# Michelles Taxidermy Mounts



## Michelles_Taxidermy

Here are a few pictures of some of my Mounts.


----------



## Michelles_Taxidermy




----------



## Lance_M.

nice


----------



## greenheadfallon

:beer:


----------



## Ranger_Compact

That second mount is a beaut, I've never seen one like that before.


----------



## Madison

Nice mounts.. What are the patchy spots on the last two mounts caused from?? Looks like the deer were shedding or something..


----------



## Rick Acker

Deer Master...I like! Nice work!


----------



## DeltaBoy

Madison said:


> Nice mounts.. What are the patchy spots on the last two mounts caused from?? Looks like the deer were shedding or something..

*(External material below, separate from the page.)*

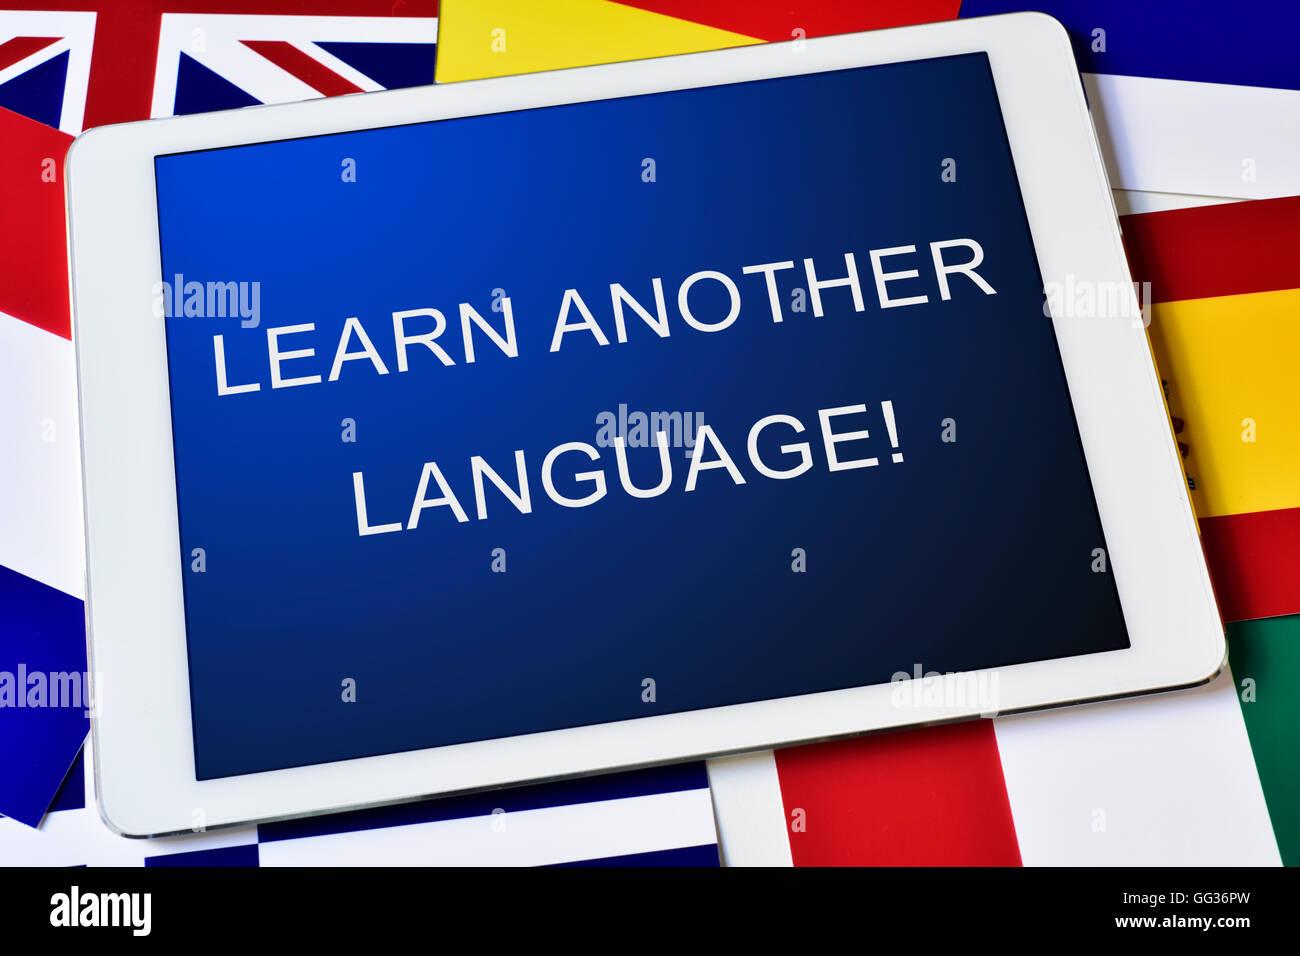 El texto aprender otro idioma en la pantalla de un equipo tablet pc rodeado por banderas de diferentes países Foto de stock

I was wondering the same thing... :-?

IMO... I don't think I could look at a deer with a spotty hide.


----------



## bullocklabradors

Nice Job!

Take Care,

Travis R. Bullock


----------



## Michelles_Taxidermy

The last 2 pictures are of the same deer. Those marks are from fighting with ither deer. They can also be caused by deer that hang out in this brush. It's natural to see deer doen here with those kinda marks. Deer don't get thing coats of hair in the winter like up north. Fight marks show up a lot more and their is not a whole lot that can be done about it. I like a deer with fight marks. It's natural.


----------



## WingedShooter7

awesome mount i like the one of the doe being ive never seen a doe mount before


----------



## Fossilman

Nice,really nice..................Where you out of??????????
Do you do fish mounts too????


----------



## bigpaws

Yeah I want to have my doe mounted like that one! :beer:


----------